About a year ago, search engine giant Google put out a whitepaper about how it was using machine learning to increase the efficiency of its datacenters, and now, executives at the company tell The Next Platform that the system is being put into production. What Google did not say a year ago, and which makes the machine learning effort all the more important, is that the company’s efforts to boost the power usage effectiveness, or PUE, had hit a wall and that the side work of an intrepid engineer got the efficiency improvements moving in the right direction again.
And as Joe Kava, vice president of datacenter operations, explained on a recent trip to the Googleplex, as has happened so many times in the past with ideas that Google’s engineers have come up with, other datacenter operators are mimicking what Google has done based on the publication of a research paper describing the effort.
All of the major hyperscalers and cloud builders grew up with the idea that you measure everything and use that information as a means to enhance outcomes, be that more efficiency in operations or better sell-through on products. This is just the mentality. And while Google measures everything obsessively, particularly the efficiency of its datacenters, that doesn’t mean it is easy to make use of that data to try to run the datacenters better. There are physical limits to increasing the PUE of a datacenter, of course, but Google had become concerned that the efficiency gains had hit a plateau, as you can see in this chart:
“Even though 1.12 is awesome already, it had been flat for several quarters,” Kava said. “So I put a challenge to the team and asked them what they could do about it. This gets back to that mentality that you continue to measure, implement, improve, and re-measure.”
Jim Gao, one of the engineers on the datacenter team came up with the idea to use machine learning to sift through the billions of points of data Google is gathering about the datacenters – cooling tower fan speeds, pump speeds, outside weather conditions, and so forth – which is very hard for any person to analyze. Here is a simplified model that has only four inputs:
“We call him Boy Genius for a reason, and he went off and taught himself how to program and create machine learning algorithms, and trained the algorithm with billions of data points,” Kava recalled. “We found that there are roughly nineteen variables that are really important in the operating of the datacenter that would help to minimize that PUE. I don’t know about you, but I can’t visualize a nineteen variable matrix. That is why it is so hard to look at the data and know that it is clear that you have to do this or that to get a better PUE. But it is actually pretty trivial for a machine to run those millions of combinations and permutations.”
Here is a list of the nineteen important input variables, based on Google’s experience running its datacenters:
Gao built the machine learning model based on these variables, and Google went back and looked at the actual measured PUE for its datacenters and ran the model to see what it would have predicted. After being refined a bit, the model is now greater than 99.6 percent accurate in predicting the actual PUE of a datacenter based on those nineteen variables. (One of the lessons learned here is that for certain correlations only a certain subset of telemetry may be important, and figuring that out is something that is so tough that perhaps only a machine learning algorithm can do the trick.
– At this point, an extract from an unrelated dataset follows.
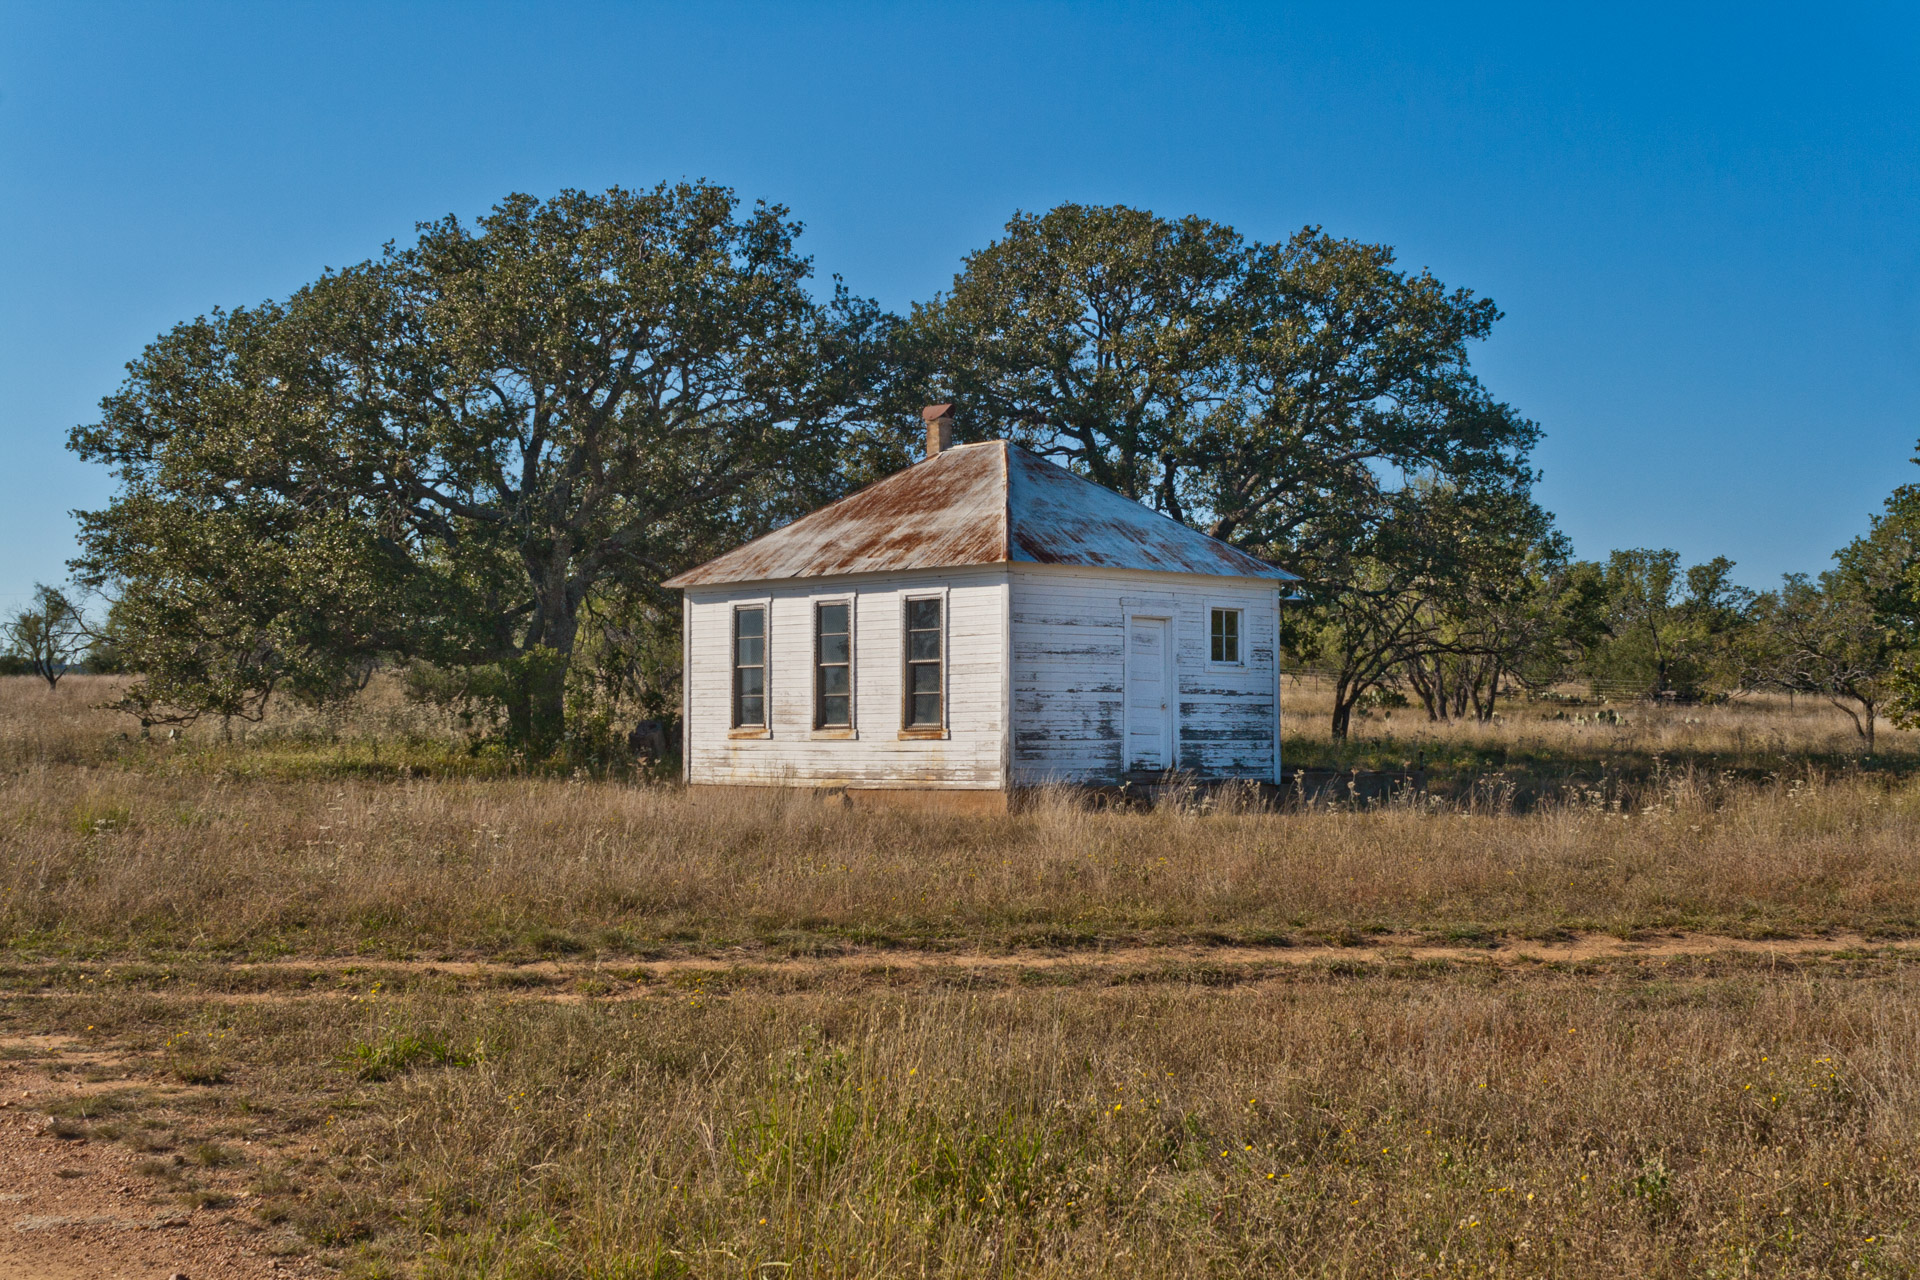 Fly Gap, Texas - The One-Room Schoolhouse (side far)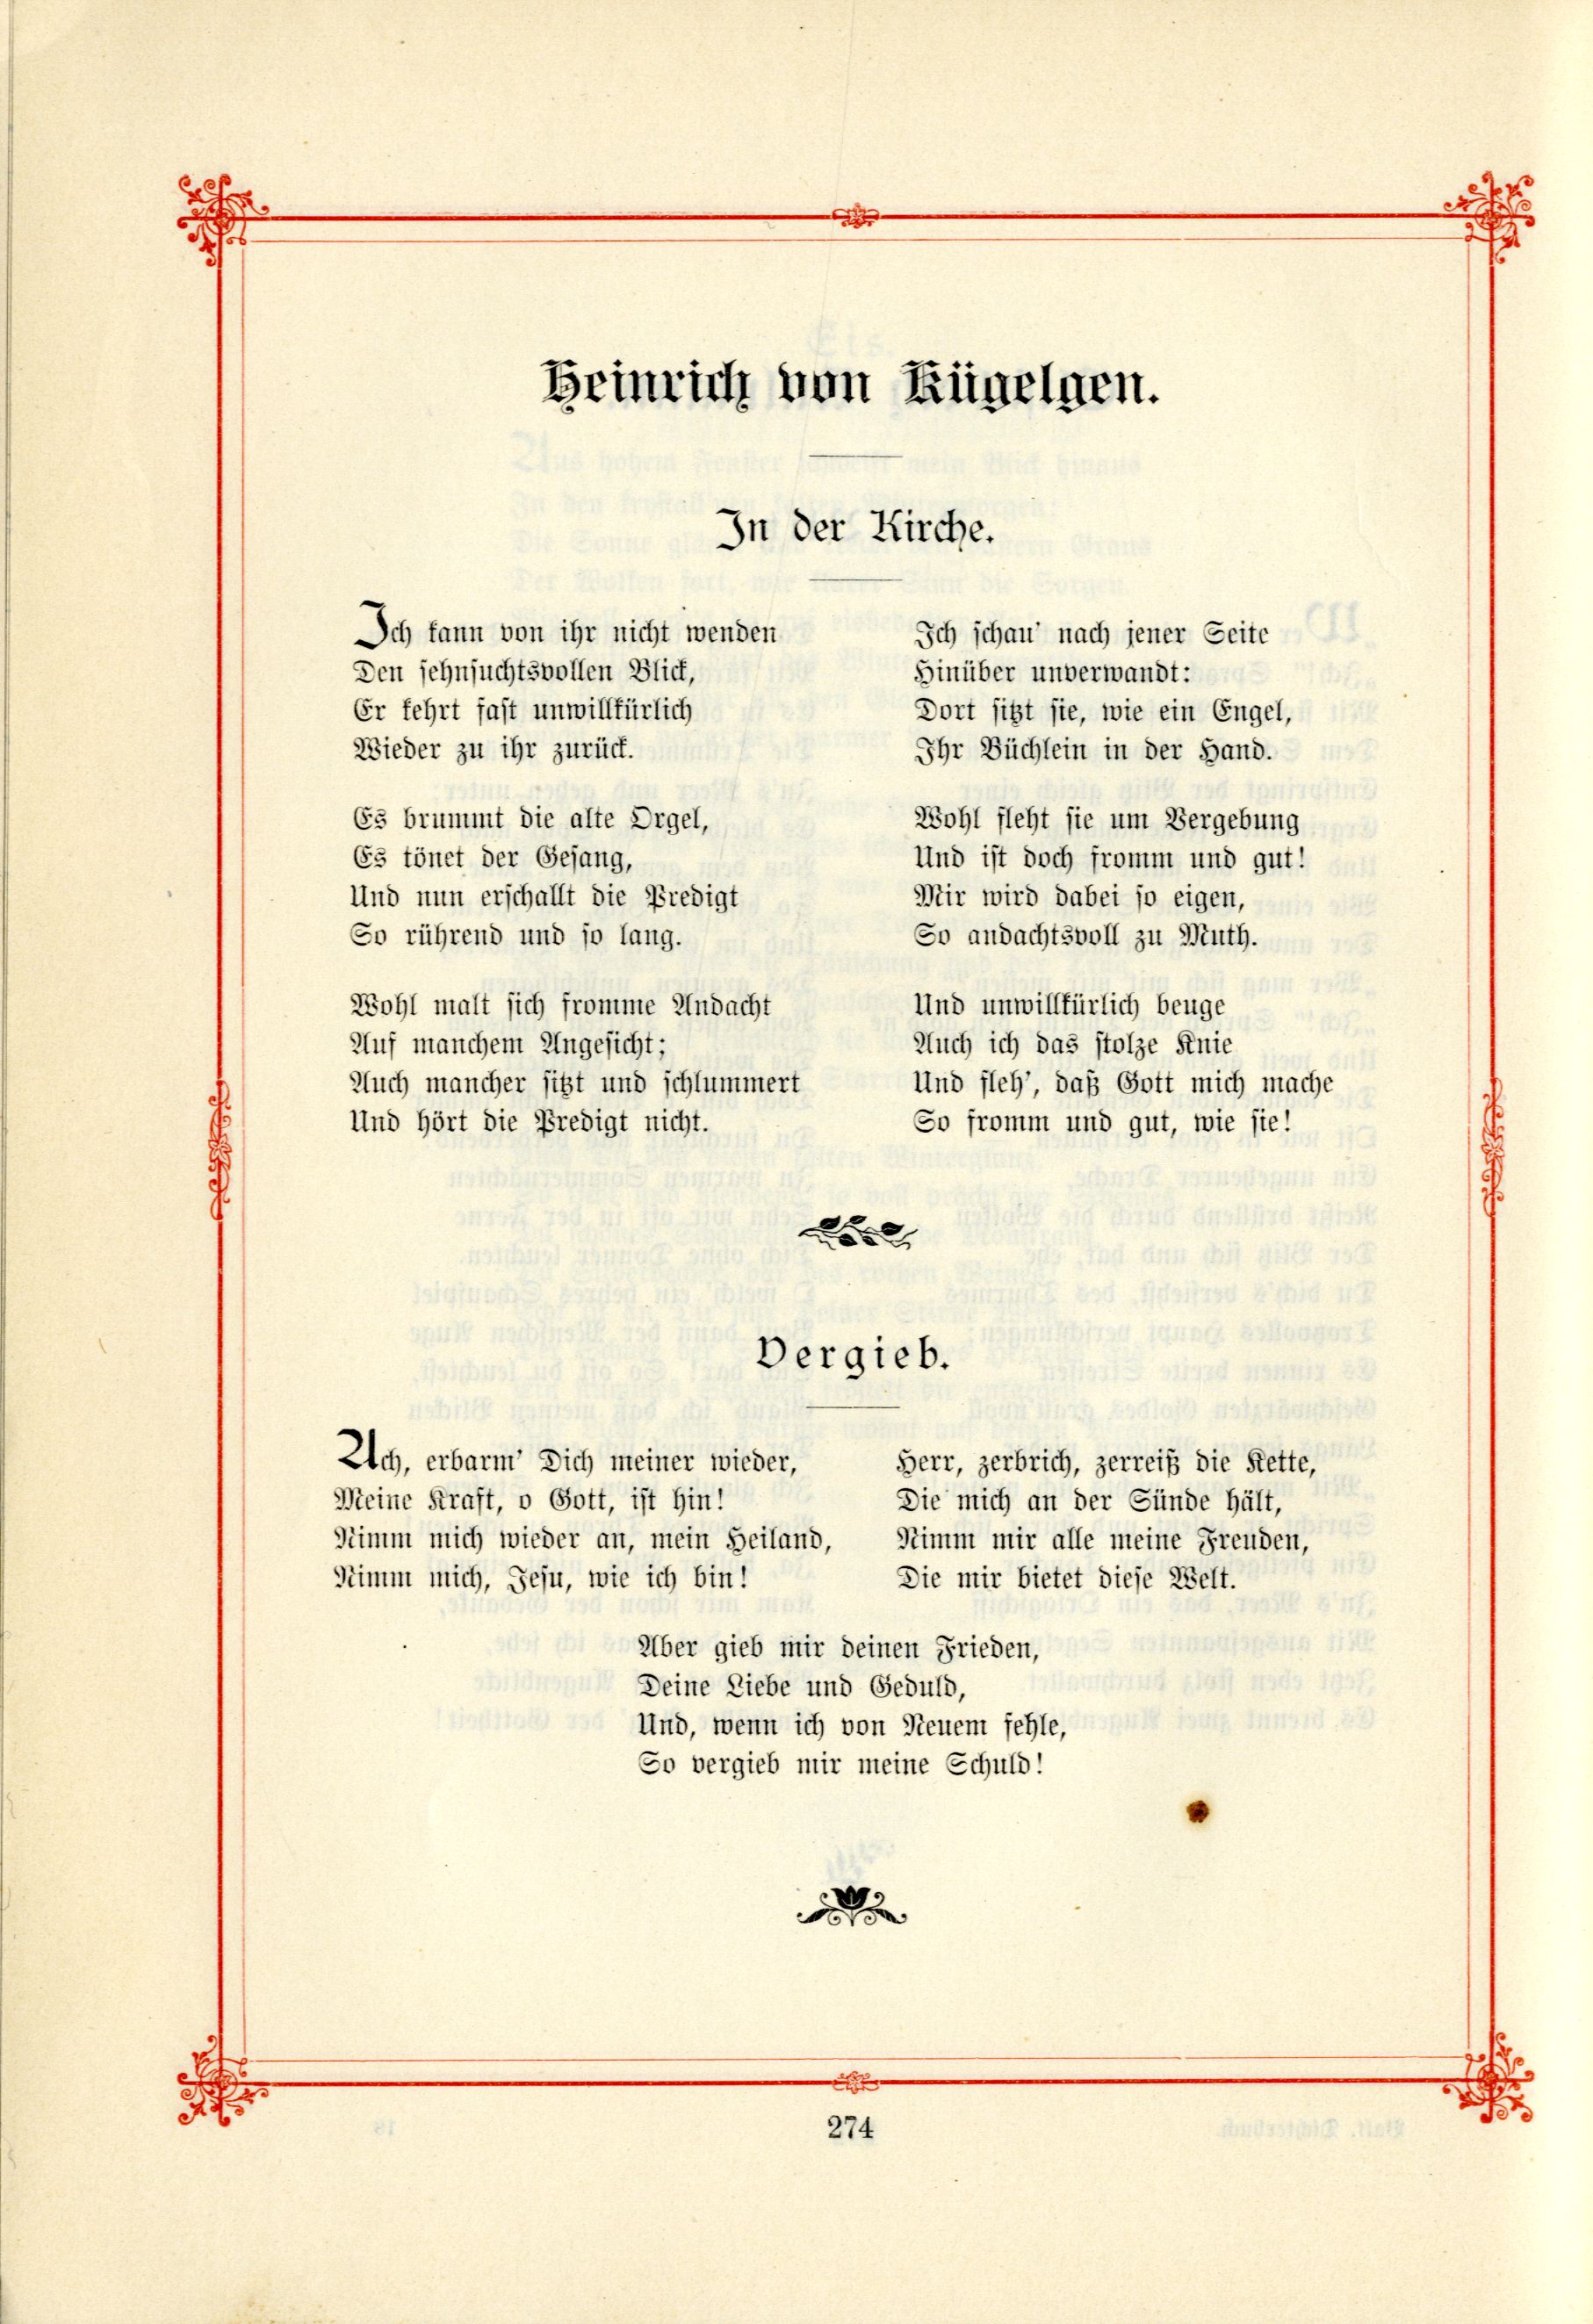 Vergieb (1895) | 1. (274) Основной текст

This is an important lesson for all of our job prospects in the future.)
The machine learning tool created by Gao has moved from science project at Google to a forward-looking tool that is helping datacenter managers at the search giant run their facilities more efficiently.
“So now we have an actual tool we trust, it is highly accurate, and we give it to the datacenter operators as a way to get the best way to get the most efficiency on that specific day given the outside weather conditions and how much IT load is in the datacenter,” Kava said. “In the five sites that we have deployed this over the last nine months that we have been rolling it out, we have been seeing on average a 15 percent improvement in PUE, and as much as 25 percent in one site. When you are already at 1.12 PUE that may not sound like that big of a deal, but at Google scale this is literally millions and millions of kilowatt-hours a year. So it is a big deal, and it was simply taking the data we already have available – most datacenter operators already have this data because they have power monitoring systems and building systems that are already gathering the data. It is just that no one is doing anything with it.”
Kava adds that since Google published Gao’s research paper last May, which you can read here, several datacenter operators have reached out to Google and said they are in the process of developing their own machine learning models to do the same thing. Google is not about to open source its algorithms for this datacenter control system that is enhanced by machine learning, or give out the feeds and speeds of the system that it used to create those algorithms, because, as Kava put it, “we don’t release our know-how all that often, because it is a competitive advantage for Google.”
But as has happened so many times in the past, when Google hits a limit and tells people about that limit and how it broke through it, then the rest of the IT industry knows the barrier can be broken and reads the Google research very carefully and emulates what the search giant has done. This is how the world got the Hadoop analytics stack, the Mesos cluster management system, and custom servers, just to name a few examples.